Настасья Андреевна сделала умоляющий жест и, встретив сверкающие гневом глаза брата, с рыданием вышла из комнаты.

Аня и старичок немало были поражены молчанием с обеих сторон о письме. Одно их поразило – это отсутствие за столом Настасьи Андреевны и полное равнодушие ее брата, как будто они сговорились. Он был очень любезен с Аней и со старичком, припоминал свое житье в Москве и заключил следующими словами, обращенными к старичку:

– Я никогда не забуду всех одолжений ваших в то время. Они спасли меня, может быть, от многих несчастий. И, пока я буду жив, дом мой будет вашим.

Старичок до слез был тронут благодарностию Федора Андреича.

И когда дедушка и внучка остались одни, первый наставительно сказал:

– Нет, нам следует всё вытерпеть от нее. Бог с ней, он хозяин дома и не думает так об нас: зачем же нам подымать ссору между братом и сестрой…

Оставался один день до праздника, а за Петрушей не посылали. Из намеков Настасьи Андреевны Аня могла догадаться, что ее письмо тому причиной. Это ее ужасно опечалило: она так желала видеть Петрушу; к тому же посреди стариков Ане было очень скучно.

В первый день праздника – то было Рождество, – возвратясь после обедни, все сидели за чаем в глубоком молчании. Явился деревенский священник поздравить с праздником. Он отслужил молебен и с удивлением спросил:

– А где Петрушенька ваш?
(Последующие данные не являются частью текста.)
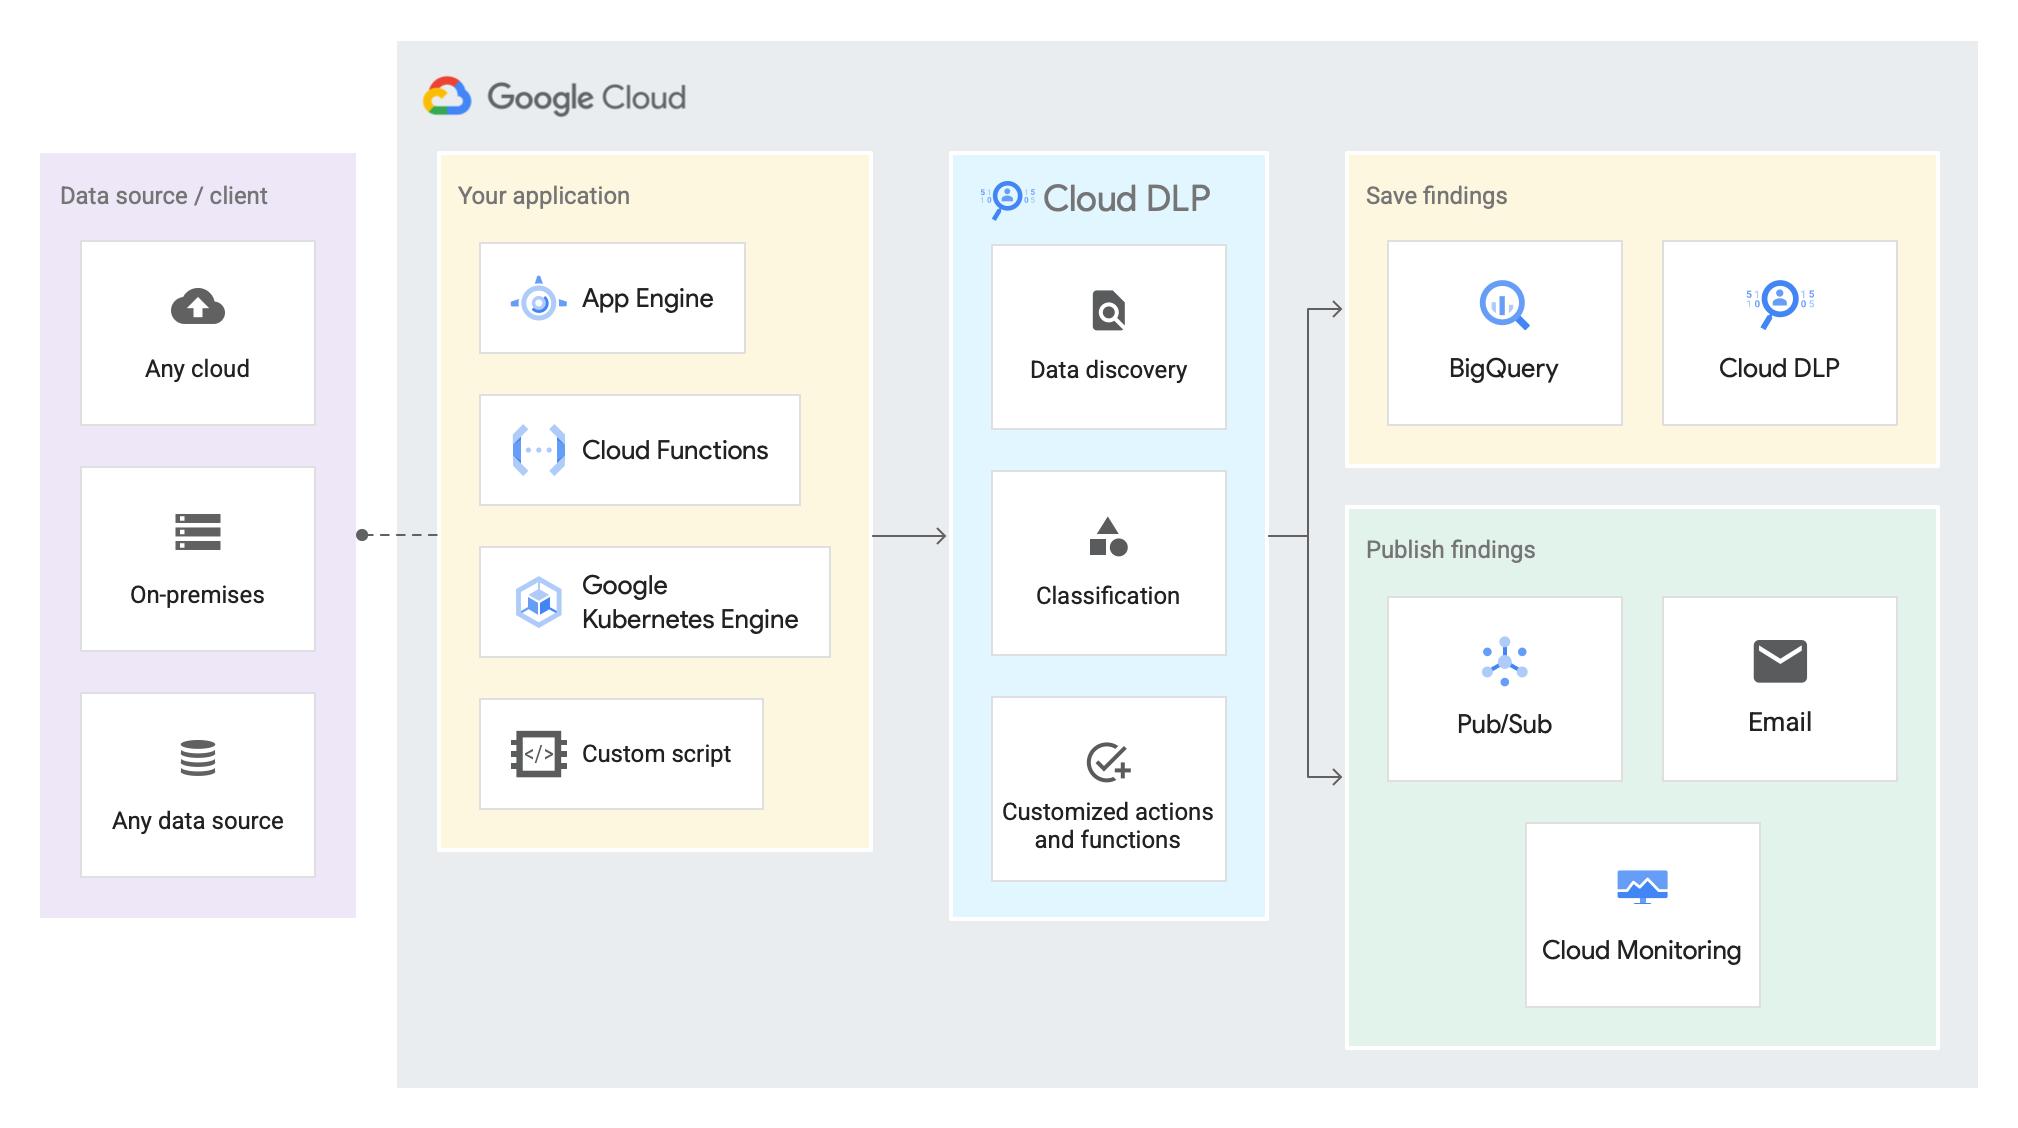 Diagrama del flujo de datos de trabajos híbridos, que muestra la aplicación que envía datos de una fuente externa a CloudDLP, CloudDLP que inspecciona los datos y, luego, guarda o publica los resultados.

Я что-то его не вижу?

Настасья Андреевна с упреком посмотрела на брата, который покойно отвечал:

– В городе, батюшка!

– Как… в такой великий праздник и не в доме своих родных?! ведь вы его сыном своим признали! – воскликнул священник.

– Он наказан! – отвечал недовольным голосом Федор Андреич.

– Братец! простите его! – умоляющим голосом произнесла Настасья Андреевна и, обратись к священнику, в отчаянии прибавила: – Хоть вы, батюшка, попросите за него.

Старичок и Аня находились в сильном волнении.

– Что за такой превеликий грех, Федор Андреич, мог сделать он?

– Ослушание, батюшка!

– Братец, в чем же он вас ослушался? – с упреком заметила Настасья Андреевна и прибавила, глядя на Аню: – Следовало бы наказать тех, кто не стыдится ссорить…

– Побойтесь бога! – воскликнул обиженно старичок.

И, с несвойственной ему горячностью, схватив Аню за руку и подведя к побледневшему Федору Андреичу, он сказал:

– Встань перед ним на колени и проси за того, за кого тебя оклеветали!

Аня, рыдая, упала на колени перед Федором Андреичем, который сердито поднял ее и с презрением произнес:

– Стыдитесь… разве вы способны!

Старичок, указывая на образ, торжественно произнес:

– Пусть он будет свидетелем, что ты не поселяла раздора.

Голос у старичка прервался, и он заплакал. Аня бросилась в объятия к нему и тоже зарыдала.

– Полноте, полноте! – повторял Федор Андреич, разнимая Аню и старичка.

И, поцеловав того и другую, он медленно произнес, смотря на свою сестру:

– Однажды навсегда требую от всех присутствующих здесь – ни одним словом, ни взглядом не обижать тех, кого я призрел в своем доме.

– Аминь! – заключил священник.

– В доказательство, что на меня никто не имеет влияния, извольте послать лошадей в город!

Настасья Андреевна от радости оторопела; Аня же с увлечением кинулась к Федору Андреичу и с жаром поцеловала его, после того сама сконфузилась и стояла, потупив глаза.

– В такой великий день помиритесь все, – сказал священник, смотря на Настасью Андреевну, которая подошла мерными шагами к брату и сказала:

– Простите меня, братец.

И они поцеловались.

– Простите нас, если мы невольно огорчили вас, – сказал старичок, подходя к Настасье Андреевне.

Все перецеловались, исключая учителя, стоявшего в продолжение всей сцены прижавшись в углу, и его жены, обильно проливавшей слезы.

– Да простит вас всех господь, и да снизойдет на ваши главы мир и тишина! – так заключил священник семейную сцену, после чего все свободнее вздохнули.

Приезд Петруши в деревню произвел всеобщую радость; даже Федор Андреич довольно ласково его принял, расспрашивал о его занятиях и жизни. Петруша вырос и возмужал в несколько месяцев, как его не видала Аня; он ей уже казался совершенным молодым человеком, а не тем Петрушей, с которым она любила бегать по саду и даже ссориться для разнообразия. Она вспомнила разговор на лодке, как Петруша доказывал, что, когда он поживет в городе, она к нему изменится: да, он был прав! Но Петруша так был рад возвращению своему в деревню, что Аня осталась для него всё той же Аней, и, только боясь гнева Настасьи Андреевны, он старался украдкой говорить с ней.